La transformación del gran yacimiento Chuquicamata desde su actual condición de rajo abierto a minería subterránea, sumado a la profundización del rajo de El Teniente (que también prevé transformar parte de su estructura a rajo abierto) son sólo parte de las decisiones que conformarán un cambio mayor en la minería chilena en los próximos años.

En esencia, el proceso de profundización de la operación de los yacimientos implica un trabajo operativo distinto a lo realizado hasta ahora, que conlleva un recambio tecnológico de importancia –se introducirán nuevas maquinarias, por ejemplo–, que a su vez se traducirá en cambios significativos en la forma de trabajo de los mineros.

Para hacerse una idea de la magnitud de estos cambios, basta con señalar que la actual profundidad del rajo de Chuquicamata es de entre 800 a 900 metros, y para las siguientes décadas está proyectado operar los siguientes 1.000 metros de forma subterránea. También ayuda a hacerse una idea del cambio que viene, el ejemplo de El Teniente, donde se pretende profundizar el actual nivel 8 en otros 100 metros en el mediano plazo.

Este proceso de cambios está muy asociado a la calidad geológica de los yacimientos. Como explican los expertos, en Chile los yacimientos de superficie están disminuyendo, por lo que la exploración y operación de nuevas minas tenderán a ser de mayor profundidad, asociada a otras capas de suelo.

El gerente corporativo del proyecto de minería subterránea de Codelco, Fidel Báez, dijo hace unos meses en una conferencia organizada por el Instituto de Ingenieros de Minas, que los cambios están asociados a nuevos sectores mineralizados, localizados en zonas menos apropiadas para los métodos actuales de excavación (rajos), lo que se suma a la necesidad de mantener la producción.

Oportunidad
El proceso de cambio, no es algo que esté ajeno a los ojos de los proveedores de la gran minería.
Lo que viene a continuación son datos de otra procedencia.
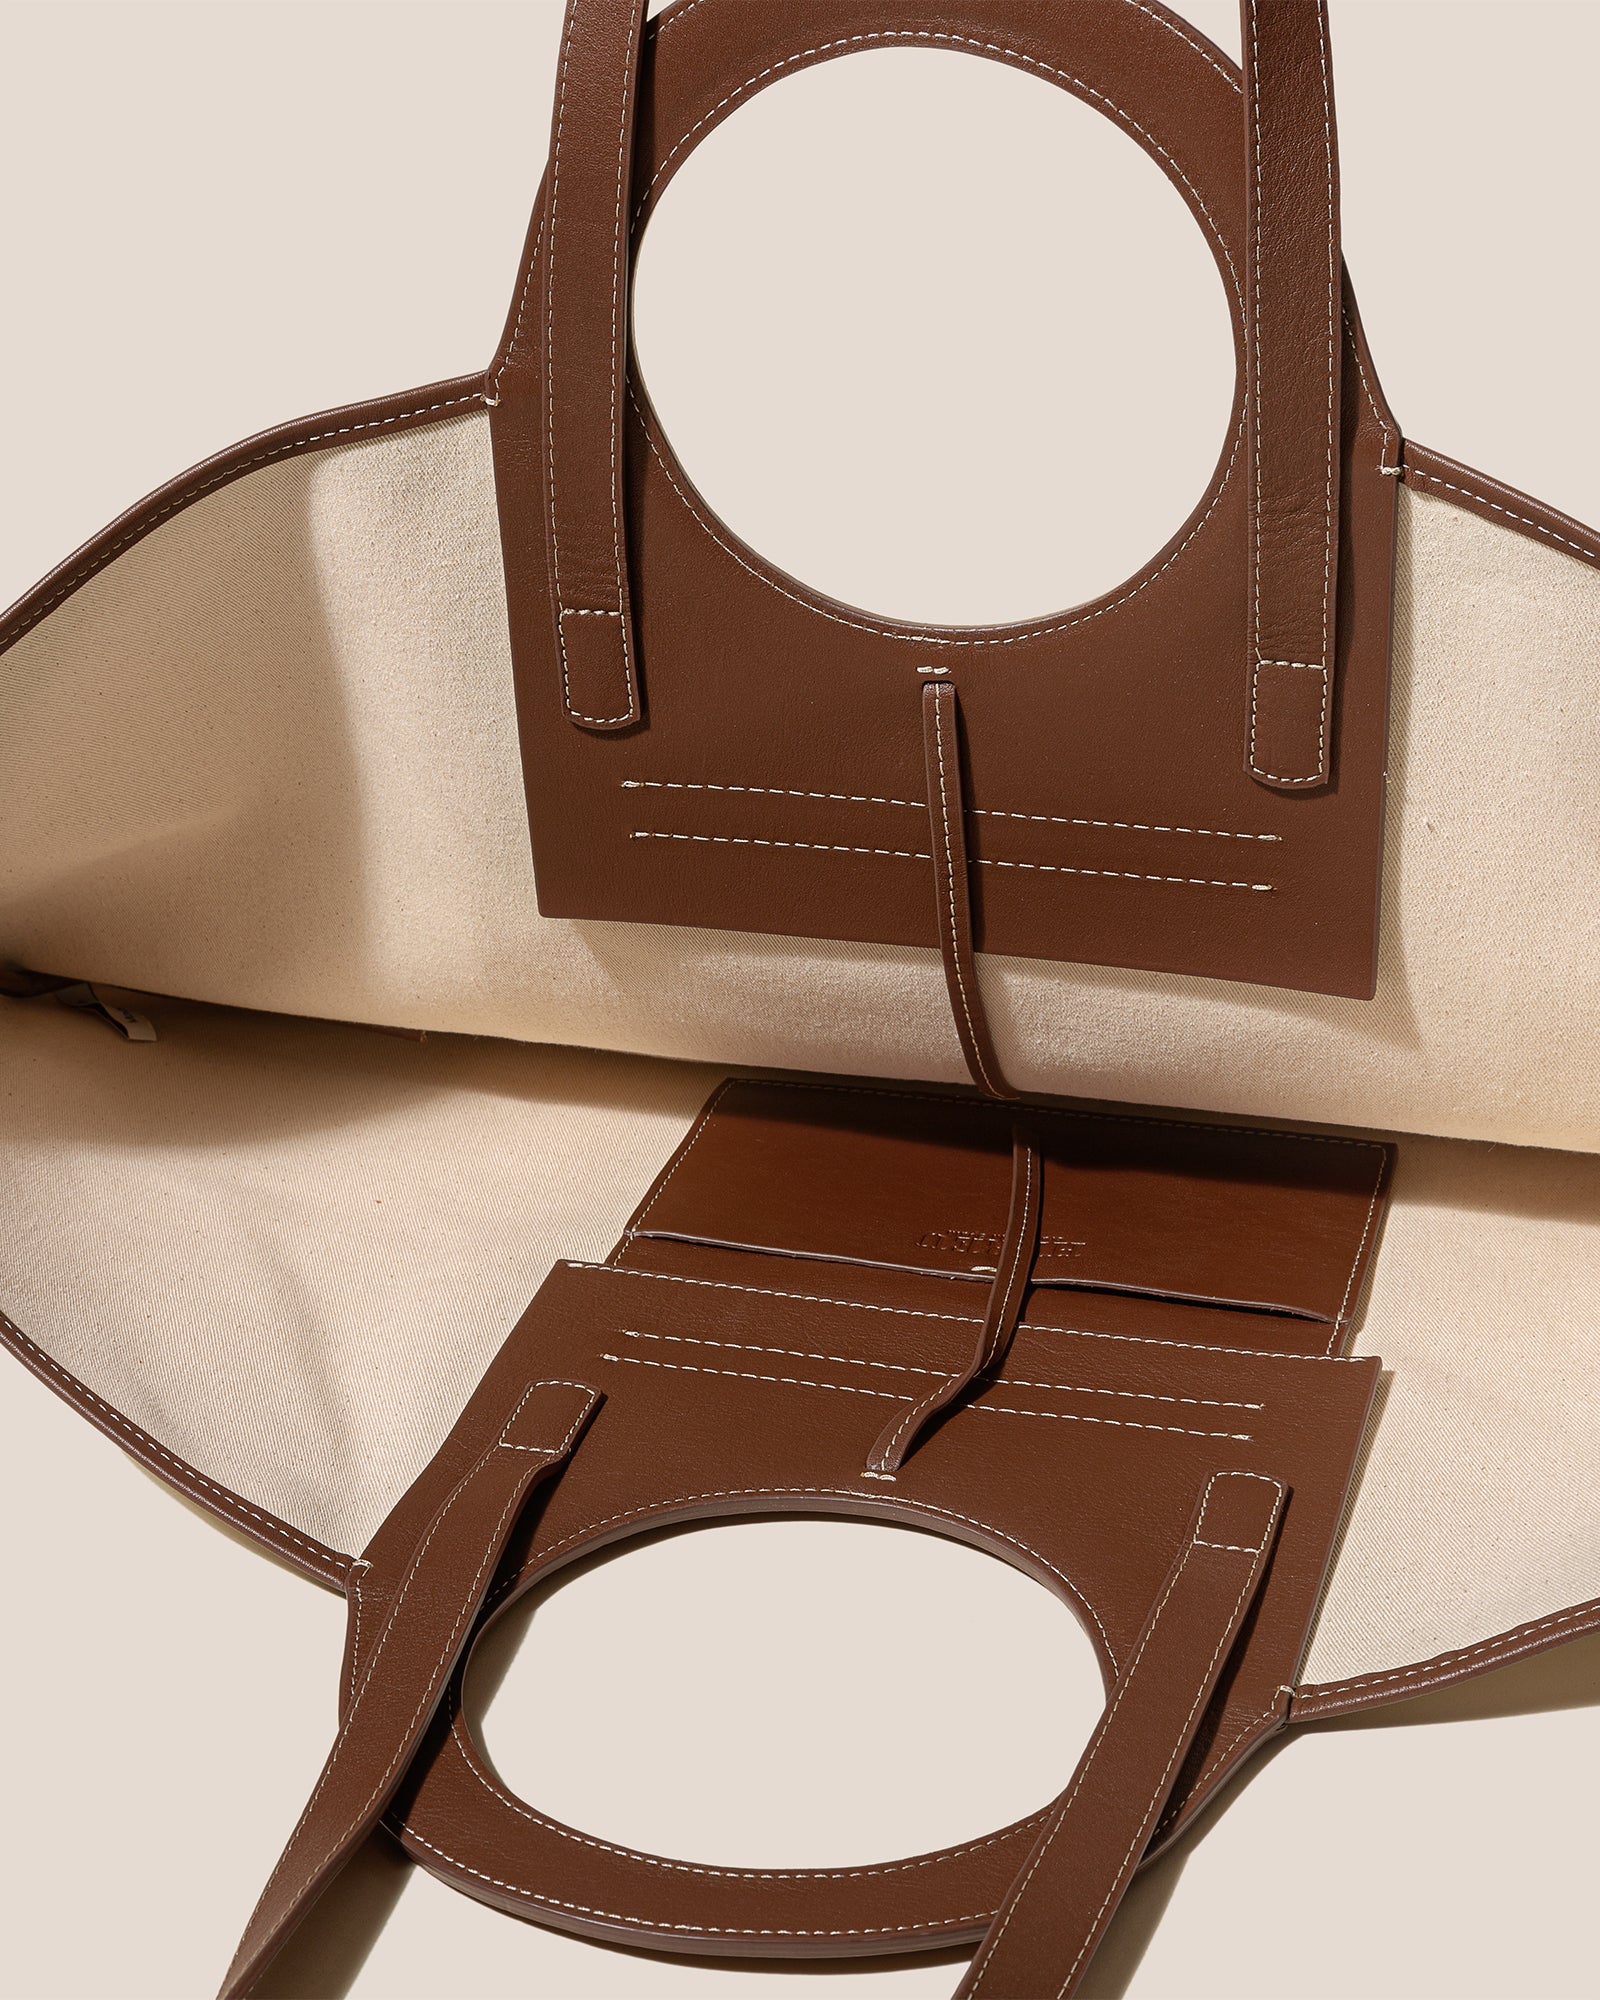 women's leather canvas garden party tote bag Crossbody shoulder bag handbag

Como explica el gerente general de Tricomin (servicios de perforación y tronadura), Bernardo Zúñiga, este cambio se está viendo como una gran oportunidad de concretar nuevos negocios, sobre todo para aquellos yacimientos en donde la transformación será más radical, como Chuquicamata o Candelaria (donde se explora una alternativa similar a la de la estatal).

También podrían ponerse en ejecución varios otros planes muy comentados en el último tiempo, como el proceso de minería continua, como explica el presidente de la Asociación de Grandes Proveedores Industriales de la Minería (Aprimin), Pascual Veiga. Esto en términos simples implica la instalación de correas transportadoras directamente en el mineral que vacían su contenido directo al proceso industrial, sin la necesidad de elementos intermediarios como palas o camiones, y por supuesto, operadores.

En este último aspecto, el presidente del Instituto de Ingenieros en Minas, Leopoldo Contreras, recalcó el fuerte trabajo de reconversión que significará para los trabajadores. “Hay que reconvertir la gente que hay para los procesos que vienen con tecnologías mucho más avanzadas. En las minas subterráneas está muy fuerte el proceso de automatización y mecanización”, comentó.

Los expertos comentaron que Chile cuenta con el personal calificado para realizar estos procesos de reconversión. Pese a que en otros lugares del mundo, como Sudáfrica, existen mayores desarrollos en minería en profundidad, dijeron que Chile ha dado muestras de liderazgo en el sector. De hecho, con la minería continua se espera introducir en Chile equipos inéditos que actualmente están a prueba.